Buzzy Peltola died a few hours after a plane crash on September 12, 2023, while piloting a load of moose meat out of a remote hunting camp near St. Mary's, Alaska on a Piper PA-18 Super Cub. He was 57.

Various organizations and officials paid tribute after Peltola's death, including the Alaska Democratic Party, Alaska Federation of Natives, U.S. Secretary of Transportation Pete Buttigieg, Senator Lisa Murkowski, Senator Dan Sullivan, Governor Mike Dunleavy, former Alaska Governor Sarah Palin, House Speaker Kevin McCarthy, House Minority Leader Hakeem Jeffries, and various other members of the House of Representatives.

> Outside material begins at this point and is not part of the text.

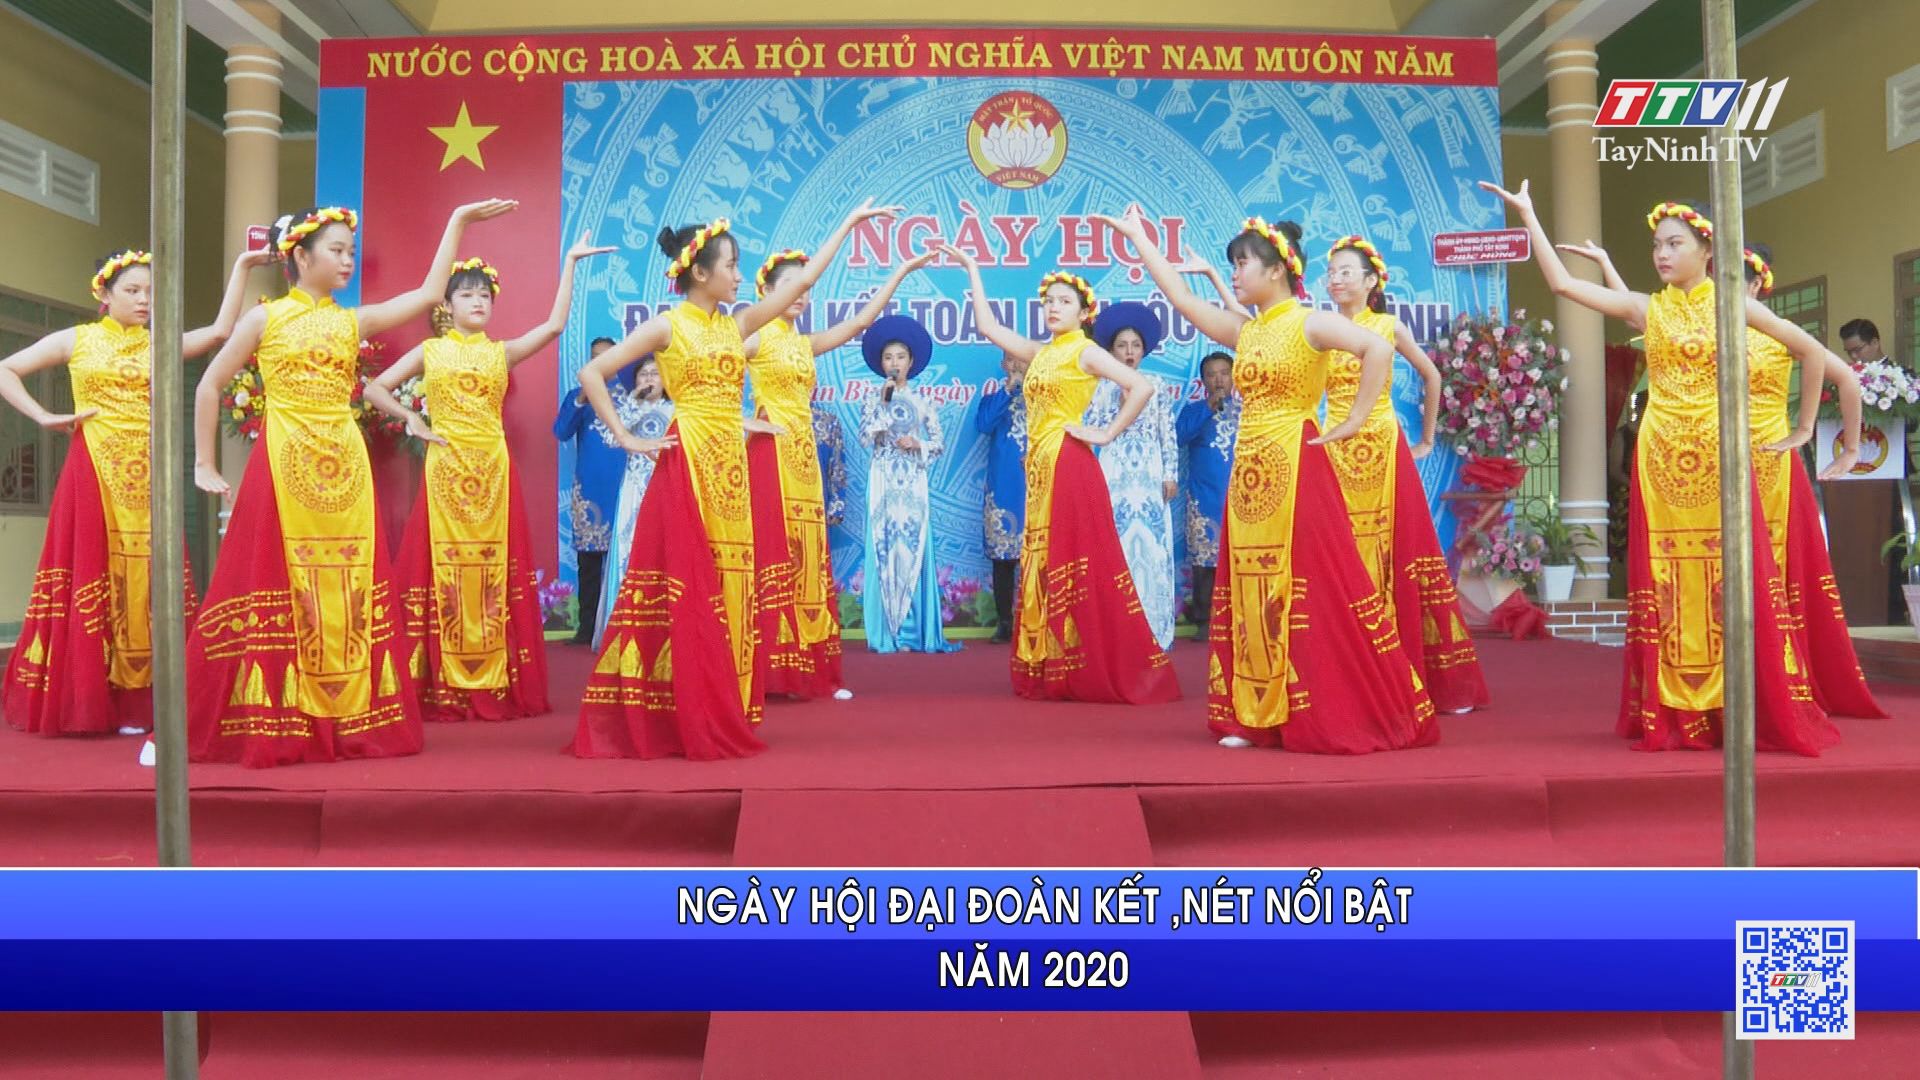 Ngày hội đại đoàn kết, nét nổi bật năm 2020 | ĐẠI ĐOÀN KẾT TOÀN DÂN | TayNinhTV

In a statement released on the official website of the White House Office, President Joe Biden wrote, "Buzzy was a devoted public servant and in the tributes coming from all over the state today, he is being remembered as a friend to all."

Peltola's memorial service was held at Bethel Regional High School on September 16 and attended by over 500 people. Peltola was buried at Bethel Memorial Cemetery with Alaska bush aircraft conducting a ceremonial flyover.

The National Transportation Safety Board found that the crash was caused by the plane being loaded beyond its weight capacity and the attachment of moose antlers to its wings. His wife Mary Peltola filed a wrongful death lawsuit against the owners of the plane in July 2025. At the time of his death, Peltola had been piloting the plane as part of an agreement he made with its owners, two tour operators, to purchase it.

==Electoral history==

2011 Bethel City Council election
| Candidate |  | Votes | % |
|---|---|---|---|
| Joseph A. Klejka |  | 504 | 14.35 |
| Mary Sattler |  | 441 | 12.55 |
| Richard D. Robb |  | 436 | 12.41 |
| Gene Peltola Jr. |  | 434 | 12.35 |
| Kent Harding |  | 419 | 11.93 |
| Mark Springer |  | 310 | 8.82 |
| Eric G. Whitney |  | 283 | 8.06 |
| Eric Middlebrook |  | 277 | 7.88 |
| Sharon D. Sigmon |  | 273 | 7.77 |
| Write-in |  | 136 | 3.87 |

Note: The 2011 election was to fill four seats with 2-year terms and two seats with 1-year terms. Candidates were given the choice of which to fill on the basis of their vote-count, with the highest vote-getters being given first-preference to decide which length of a term they wanted to fill. Mary Sattler (Mary Peltola), Richard D. Robb, Gene Peltola Jr., and Mark Springer filled two-year terms while Joseph A. Klejka and Kent Harding filled one-year terms.

== Works ==
- McCaffery, B. J., and G. Peltola. 1986. "The status of the bristle-thighed curlew on the Yukon Delta National Wildlife Refuge, Alaska." Wader Study Group Bulletin 47:22–25.